= Related services under IDEA =

Related services is defined by the United States Individuals with Disabilities Education Act ("IDEA") 1997 as,
"transportation and such developmental, corrective, and other supportive services as are required to assist a child with a disability to benefit from special education..."[section 300.24(a)].

Students who need special education and specially designed instruction are eligible for related serves under IDEA. During the evaluation process the student is evaluated to first find out if the student has a disability, and secondly to determine what types of related services the student requires. Within IDEA it can be in many forms.

The related services include: audiology, counseling services, early identification, family training-counseling and home visits, health services, medical services, nursing services, nutrition services, occupational therapy, orientation and mobility services, parent counseling and training, physical therapy, psychological services, recreation and therapeutic recreation, rehabilitative counseling services, interpretation services, school health services, service coordination services, social work services in schools, speech pathology and speech-language pathology, transportation and related costs, and assistive technology and services. Related services were mandated in the IDEA 1997, and more than 6.1 million children with disabilities received related services in 1998-1999 (Nichcy).

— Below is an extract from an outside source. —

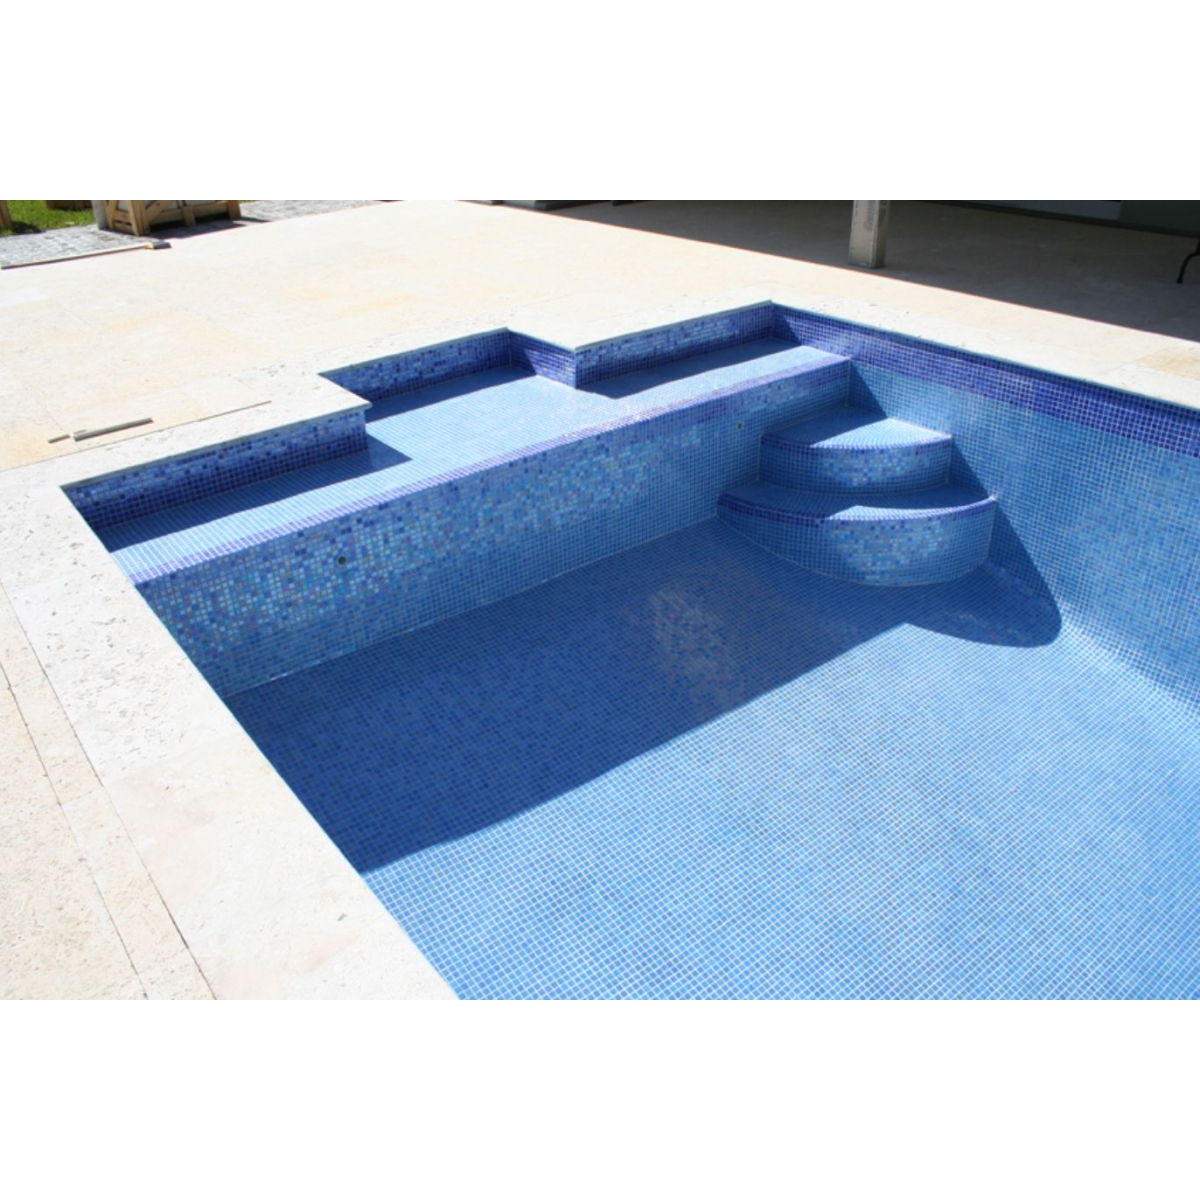 Pormenor da piscina com liner Gresite em tons de azul nebuloso
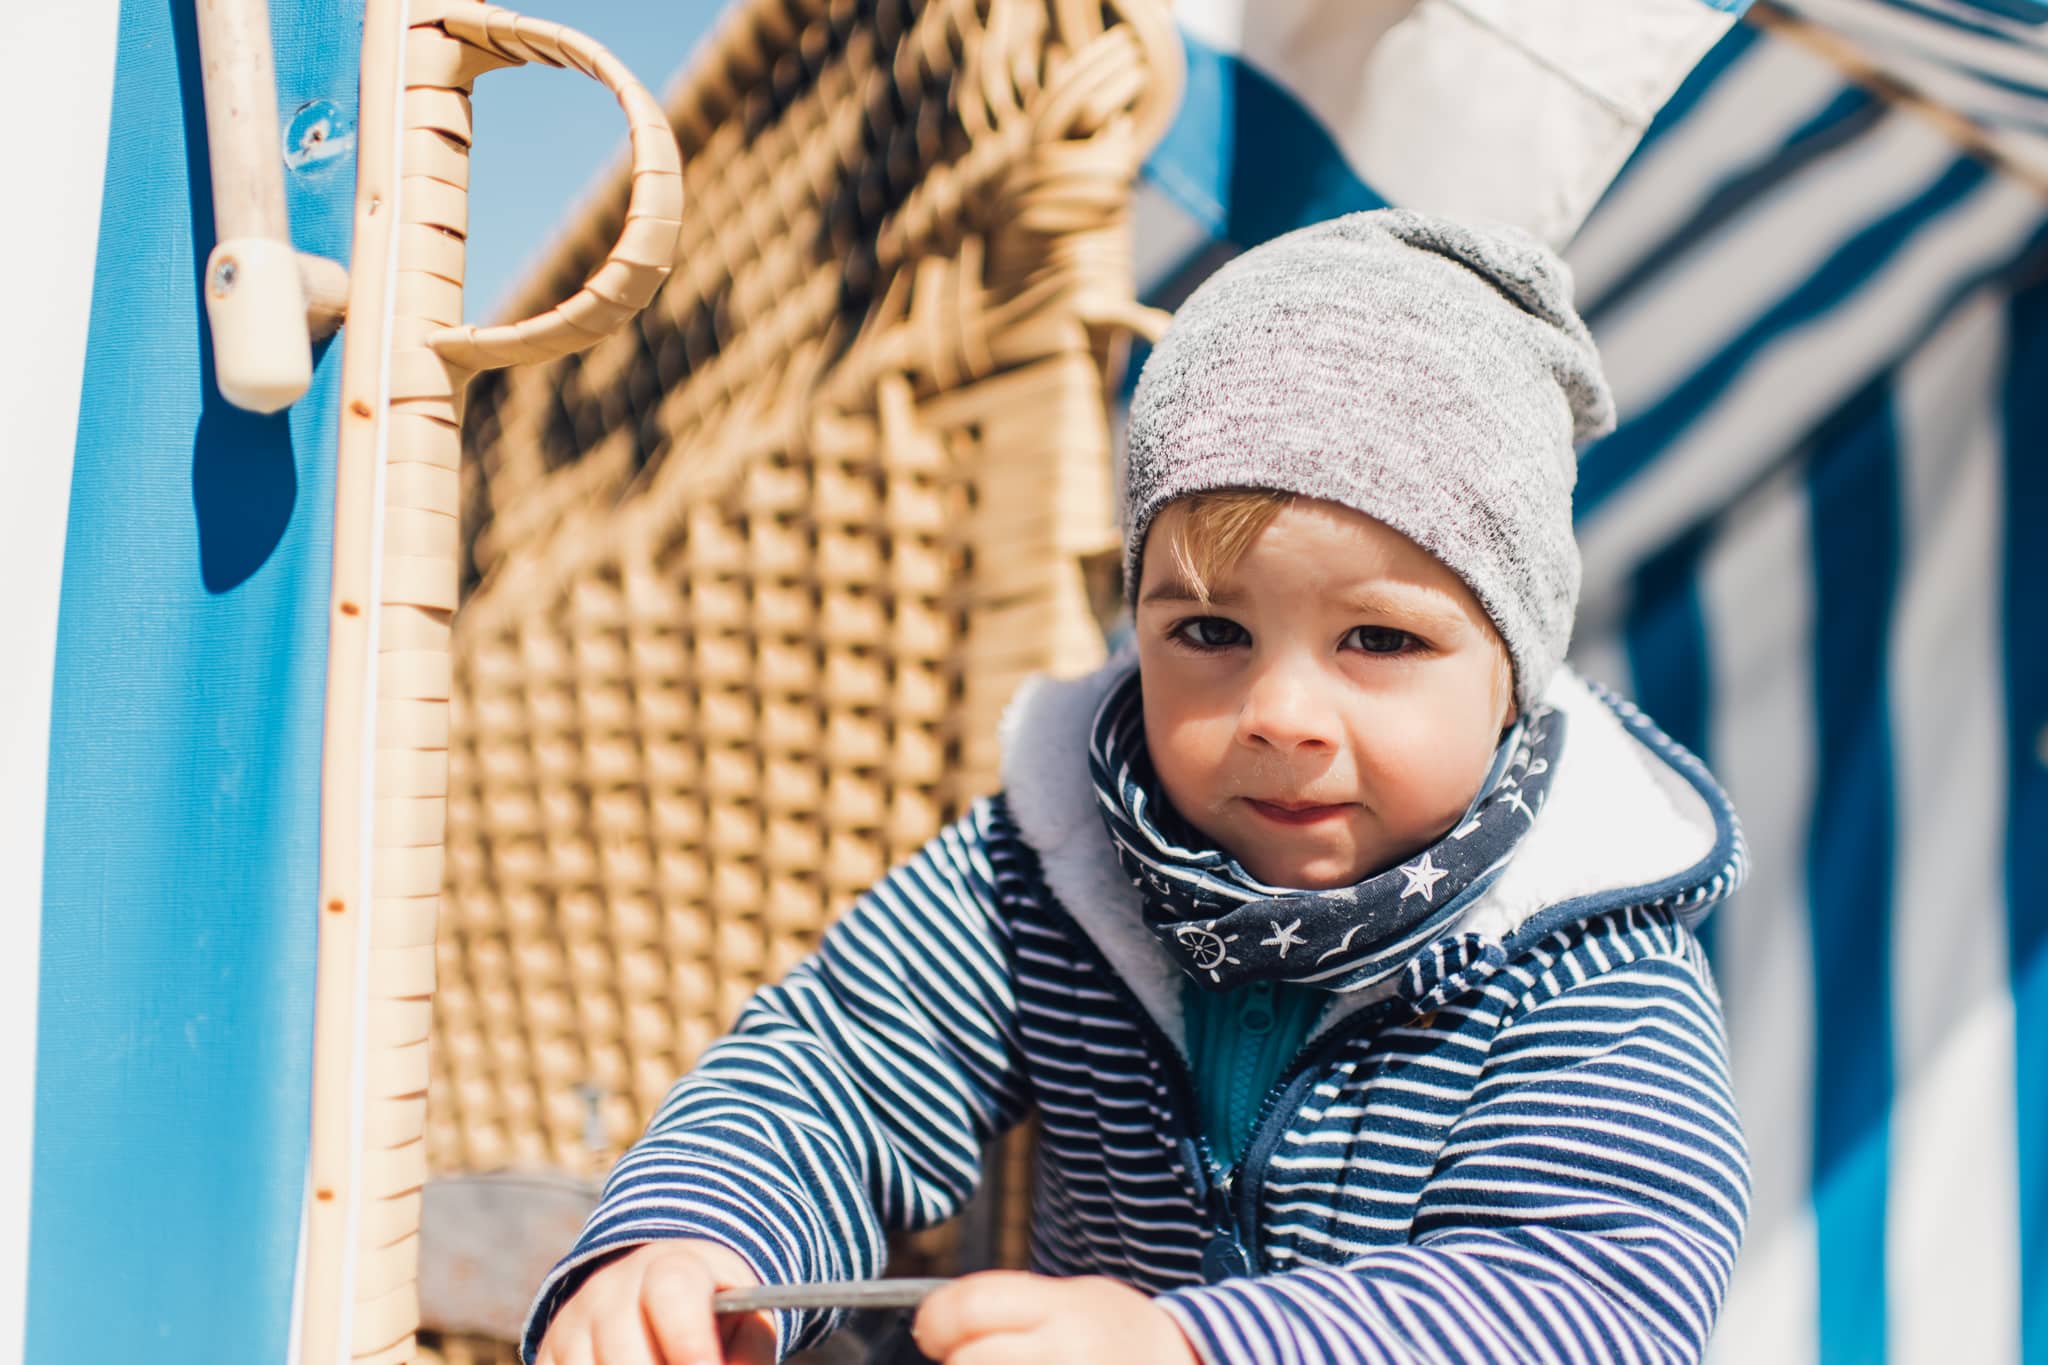 Familienfotografie  Baby, Kind und Meer: Fotos an der Ostsee

Children with exceptionalities depend on related services in their individualized education programs. The related services according to IDEA, "...assist a child with a disability to benefit from special education" [section 300.24(a)]. Related services also help children with exceptionalities to reach their IEP goals and objectives. In fact, in the IEP the related services section is located directly after the goals and objectives section. The IEP requires the document constructor to list the service provided, the location that the service will be provided in, the frequency that the service will be provided, the projected beginning date of the service, and the anticipated duration of the service. In order to make sure that this section of the IEP is written correctly is it essential that the service provider of the particular service either attend the IEP meeting, or send a written document describing the details of the service that will be provided.